History in Vietnam

History in Vietnam

Already in the Mesolithic, the Bak Son-Hoa Binh culture existed on the territory of Vietnam. In the middle of the 1st millennium BC. the period of the Dong Son culture began, which spread mainly in the north of the country. It is characterized by bronze items of high craftsmanship (ritual drums decorated with drawings, daggers, knives, axes). Stone tools, ceramics made on a potter’s wheel, clay models of houses, and some iron products were also found on the territory of the settlements. The Dong Son culture is thought to be related to the La Viet people, the ancestors of the modern Vietnamese. The Lakviets, who originally inhabited the lower reaches of the Yangtze River, gradually began to move south into the basins of the Xijiang and Hongha rivers, where they mixed with the local population.┬áCheck a2zdirectory for old history of Vietnam.

Around 257 BC The state of Aulac was formed by the Laviets. A short time later, the Hongha river valley was captured by the Chinese. Their thousand-year rule, marked by stubborn resistance from the Vietnamese and constant uprisings, ended only in 938 AD. e. In the 10th century, Vietnam won its independence and was named Dai Viet. In those days, the state had to wage continuous wars against invasions from the Chinese and Mongolian feudal lords: the Sung (XI century), Mongolian (XIII century), Minsk (XV century). The wars ended with a brilliant victory, and after each of them, Vietnam became stronger and more prosperous.

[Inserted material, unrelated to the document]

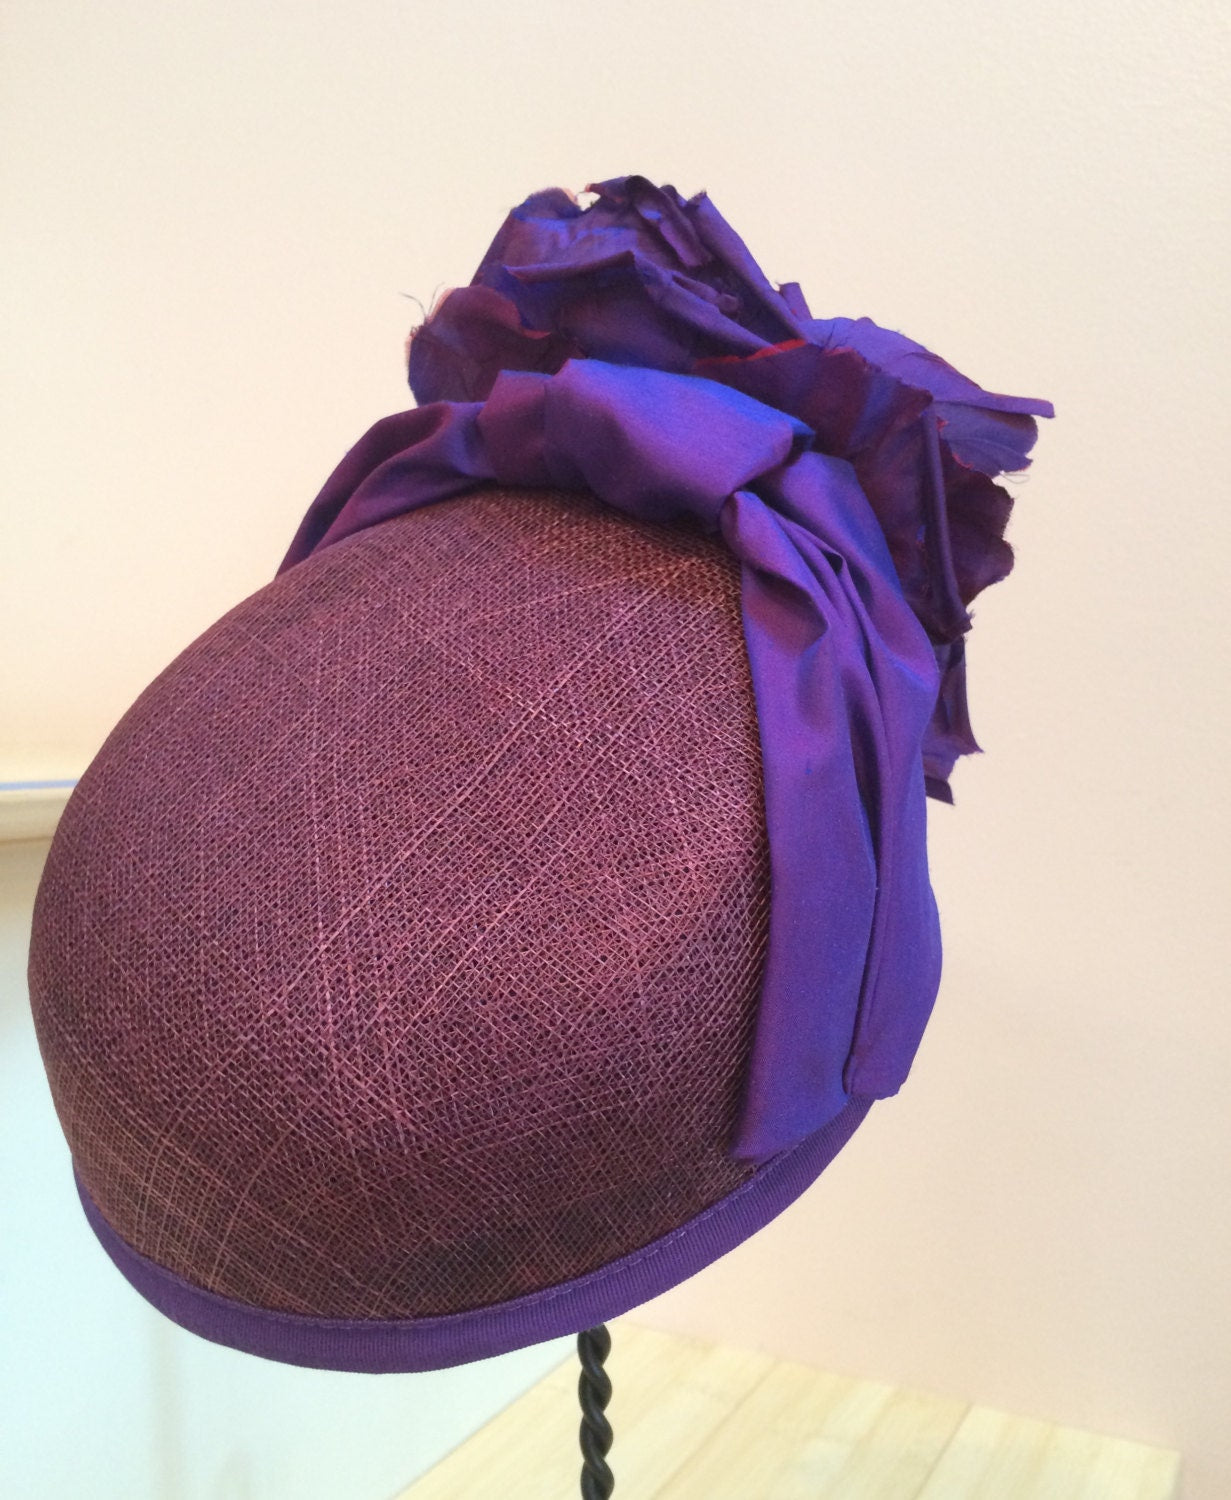 Radiant Orchid Sinamay Pillbox hat, Purple Flower, Church hat, Mother of the Bride or Derby Race Hat-Evening Cocktail Hat-Purple Summer Hat-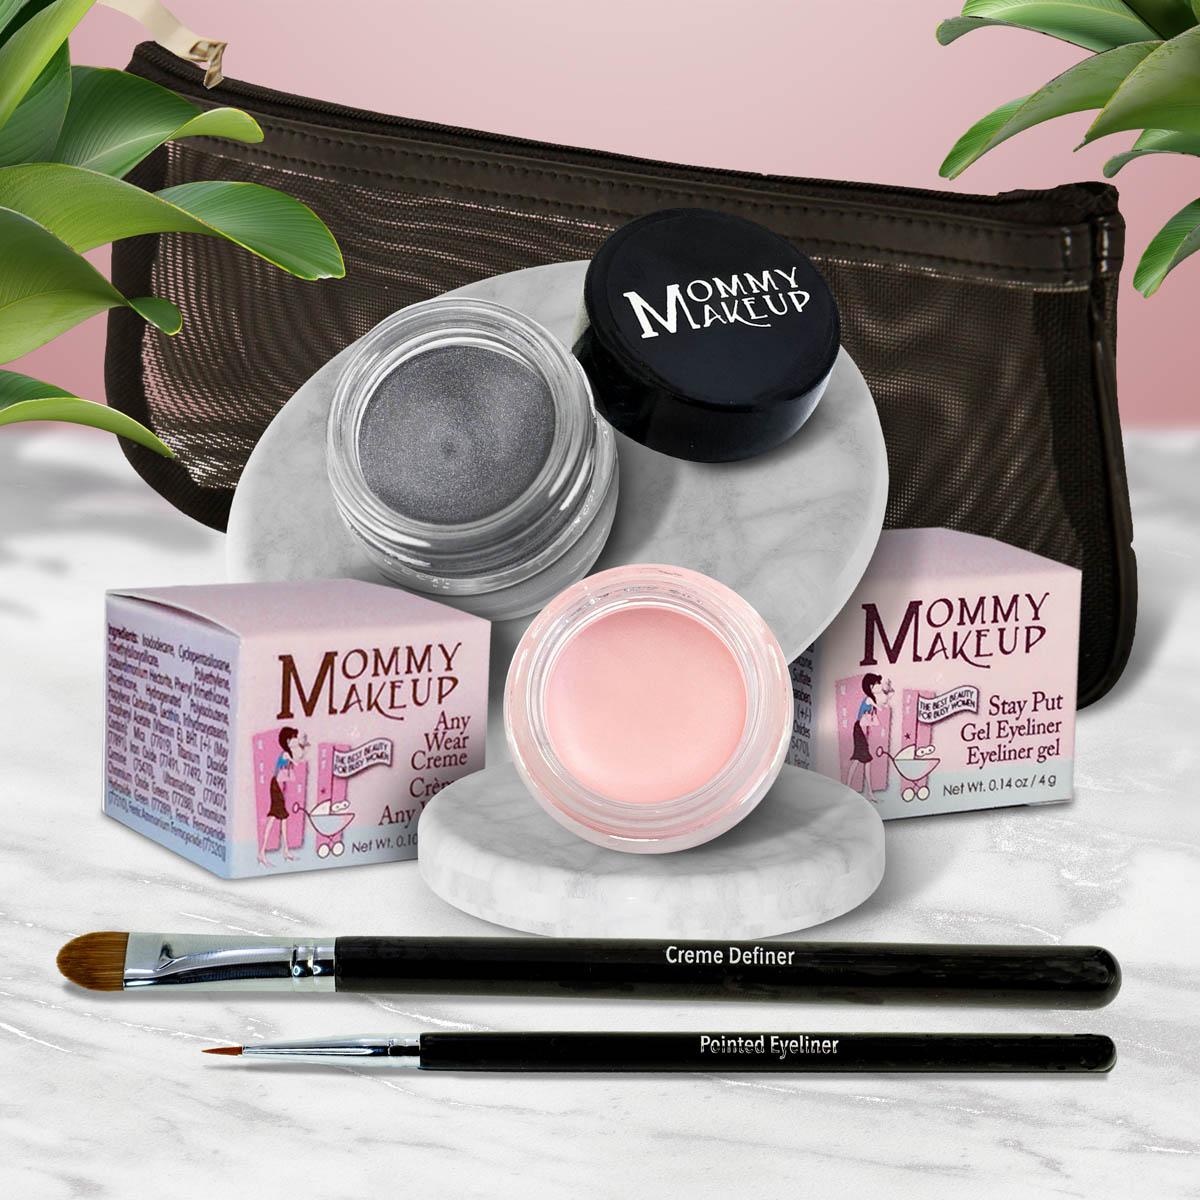 5 piece waterproof eye makeup set. Eyeliner, Eye shadow, brushes. Allergy tested, cruelty free. Made in USA. Cameo - a light nude pink and Steel Magnolia - Deep grey with shimmer

15th century considered the golden age of the Vietnamese Middle Ages. Cities grew rapidly, the irrigation network expanded, foreign and domestic trade, and cultural ties developed. Confucianism becomes the official ideology. Buddhism becomes the private religion of the ruling class, while at the same time finding wide recognition among the people.

In 1858, French troops invaded Vietnam, and 25 years later, in 1884, the entire country fell under French rule. Under the influence of the October Revolution in Russia, the national liberation movement intensified in Vietnam. On March 9, 1945, the Japanese liquidated the French colonial apparatus, driving them out of Indochina. After that, a partisan movement against Japan began.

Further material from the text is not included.